++++ Provided data ++++

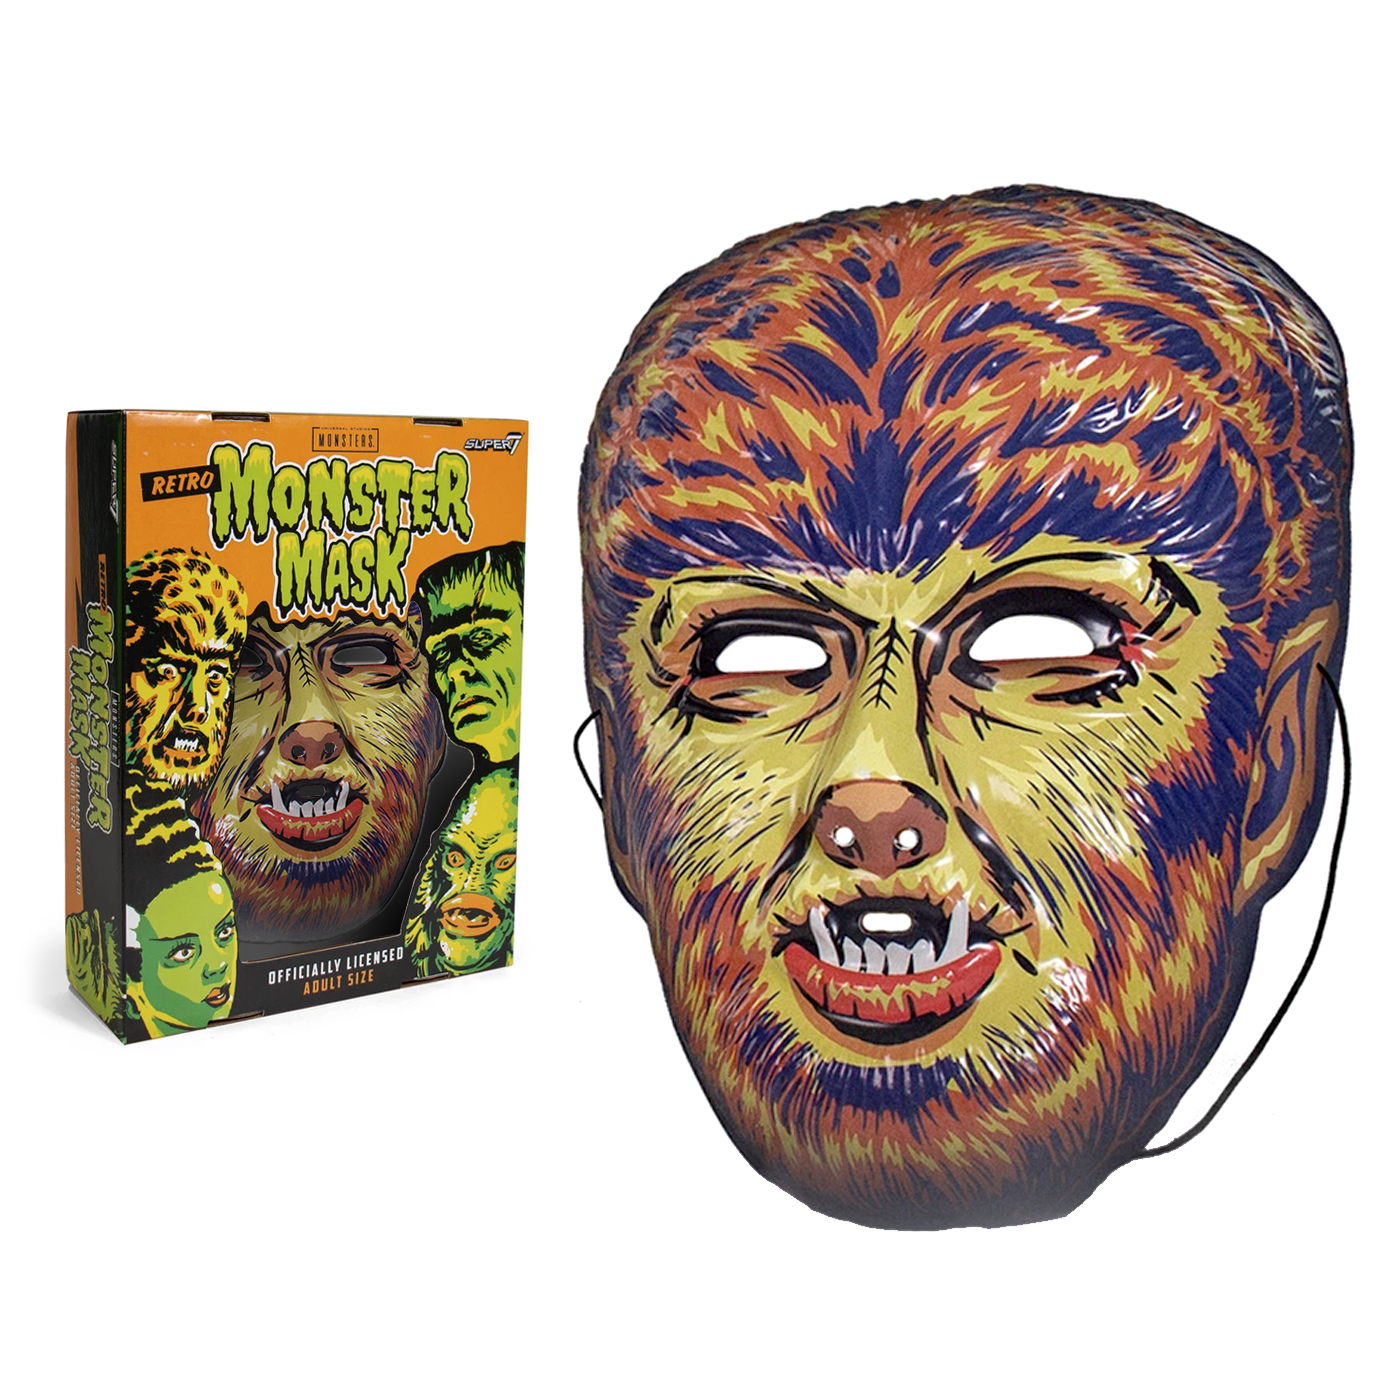 Universal Monsters Mask - Wolf Man (Yellow)
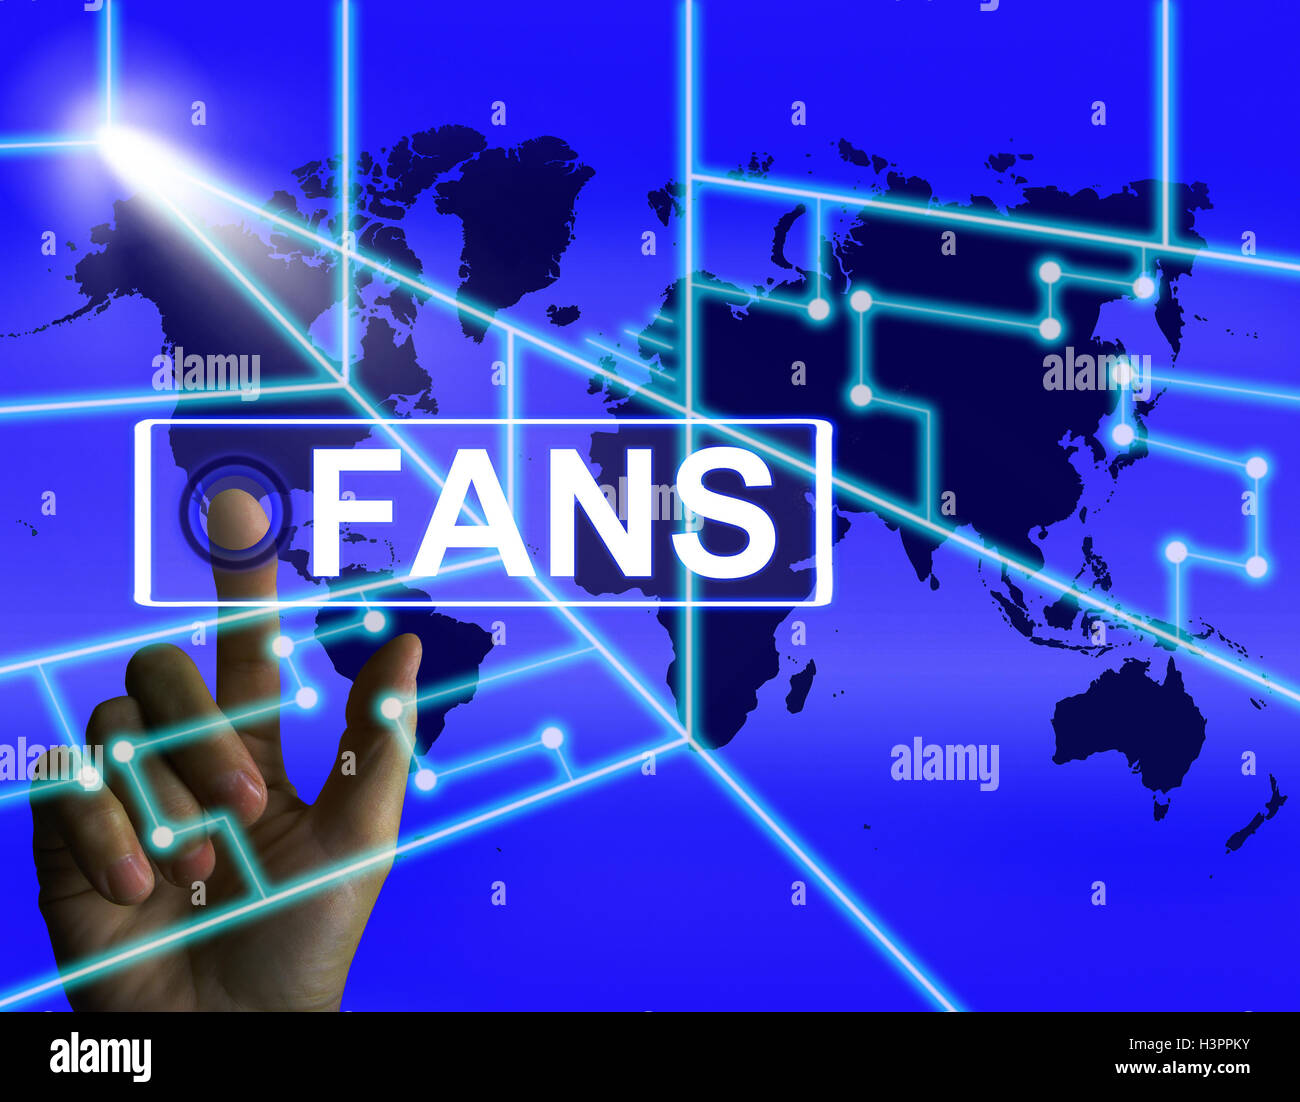 Bildschirm zeigt weltweit oder Internet-Anhänger oder Bewunderer-Fans Stockfoto
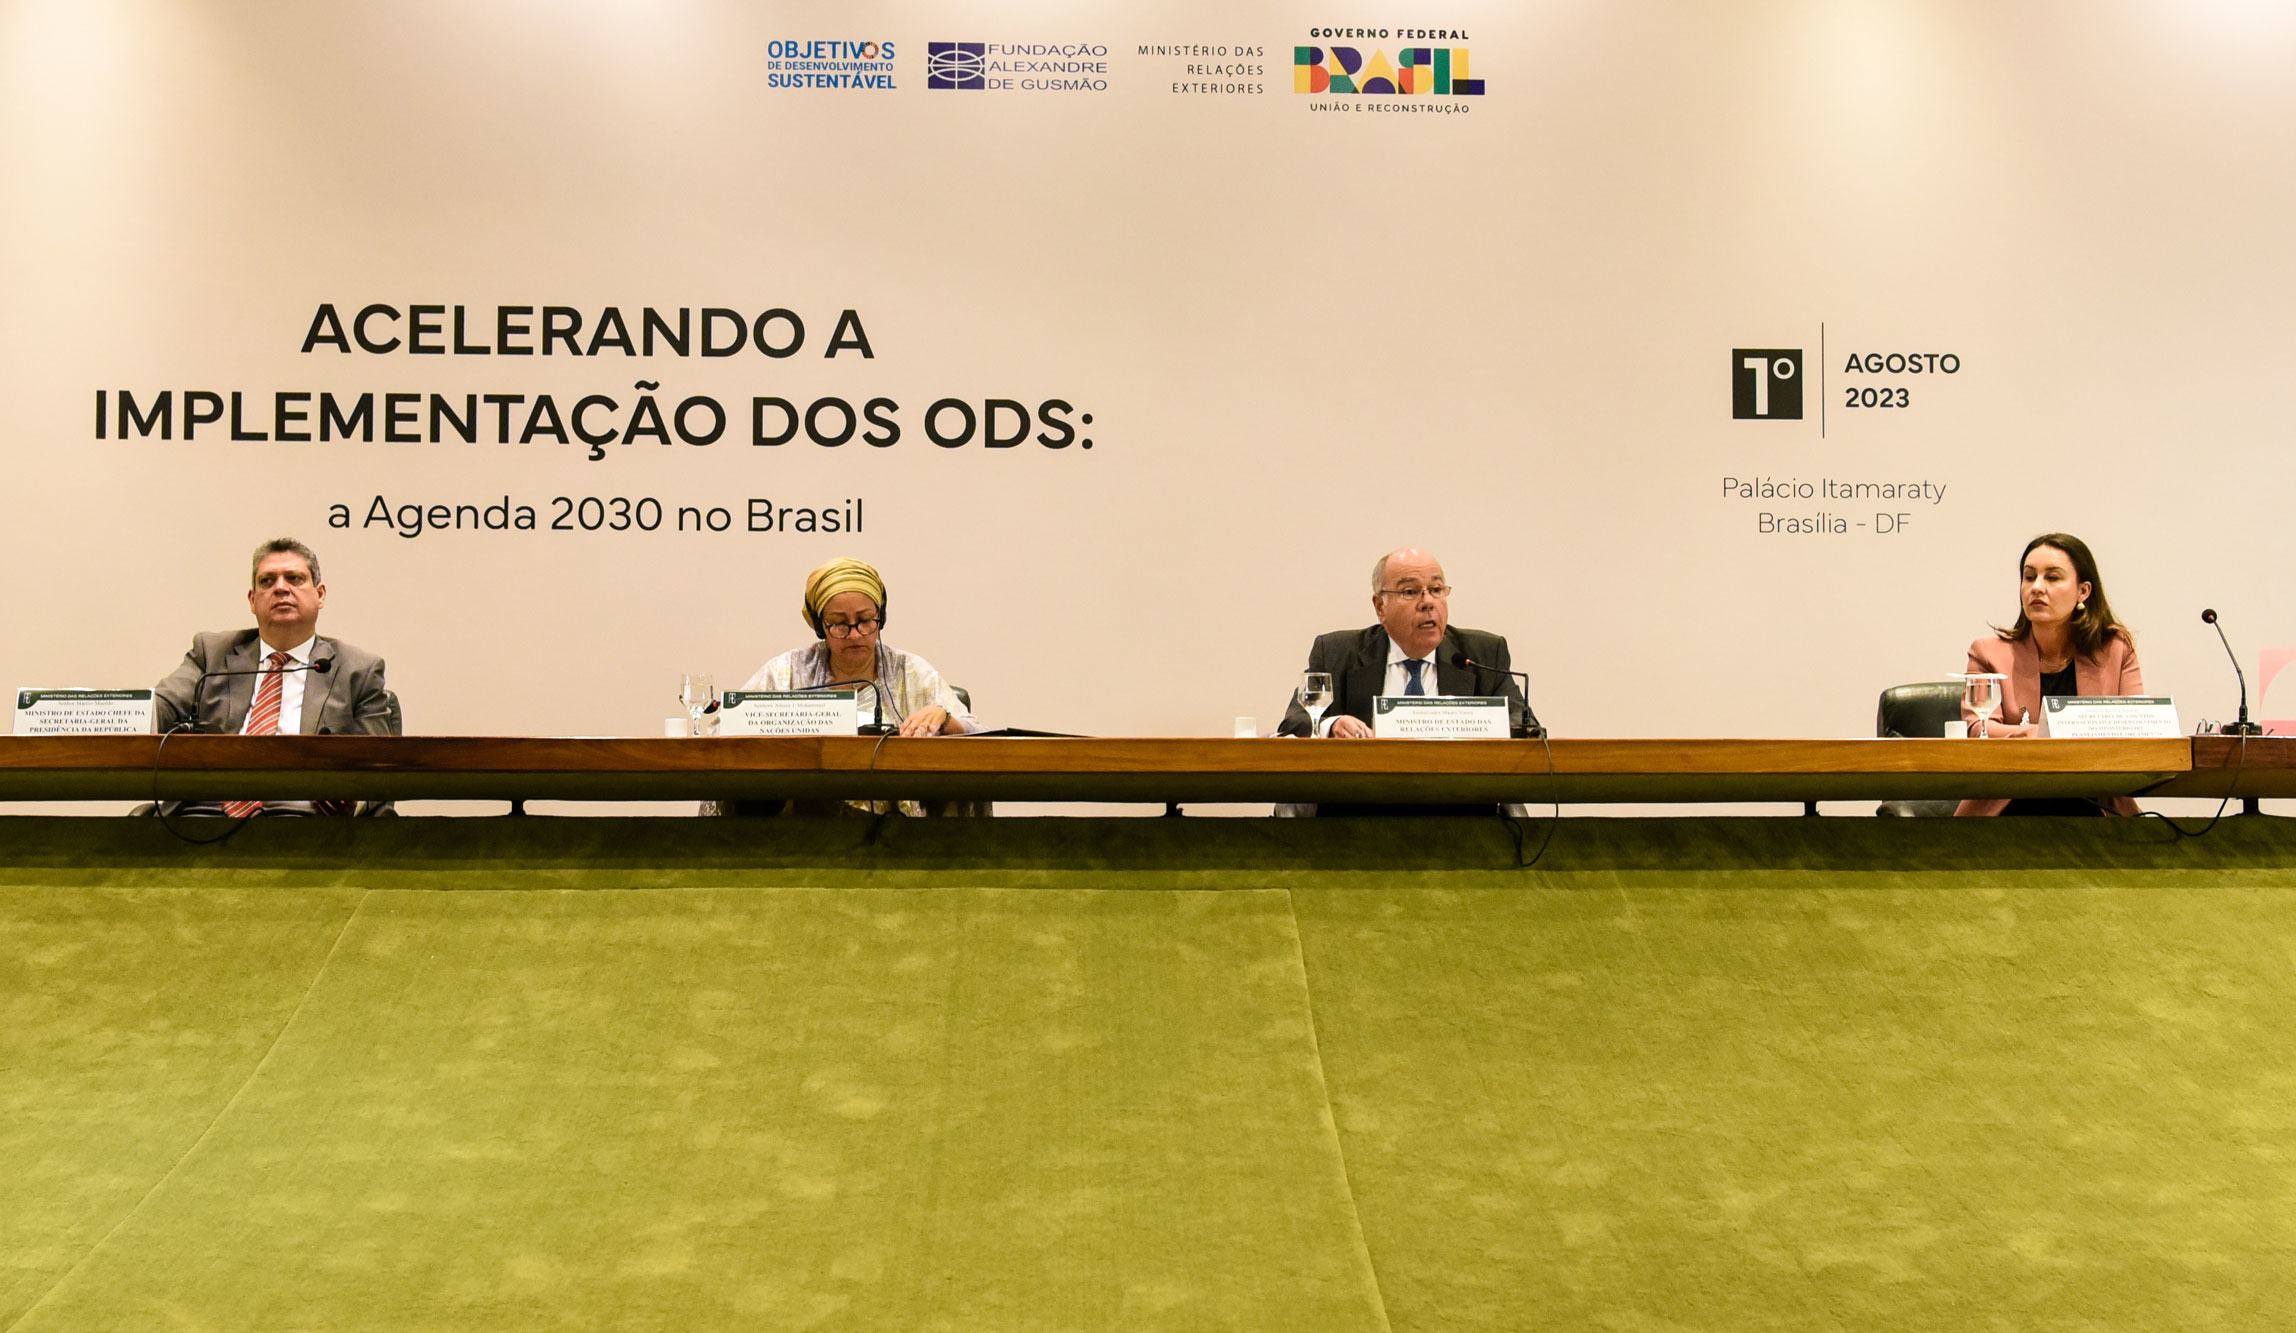 وزير الخارجية ماورو فييرا (الثاني من اليمين) ونائبة الأمين العام للأمم المتحدة أمينة محمد (الثاني من اليسار) ، خلال مناقشة حول تنفيذ أجندة 2030 وأهداف التنمية المستدامة في البرازيل.

++++

> Try it:
What you print must be exactly the lines from the one containing "Bildschirm zeigt weltweit" through the last line of the material, and no pictures.

> Expected answer:
 Bildschirm zeigt weltweit oder Internet-Anhänger oder Bewunderer-Fans Stockfoto
 وزير الخارجية ماورو فييرا (الثاني من اليمين) ونائبة الأمين العام للأمم المتحدة أمينة محمد (الثاني من اليسار) ، خلال مناقشة حول تنفيذ أجندة 2030 وأهداف التنمية المستدامة في البرازيل.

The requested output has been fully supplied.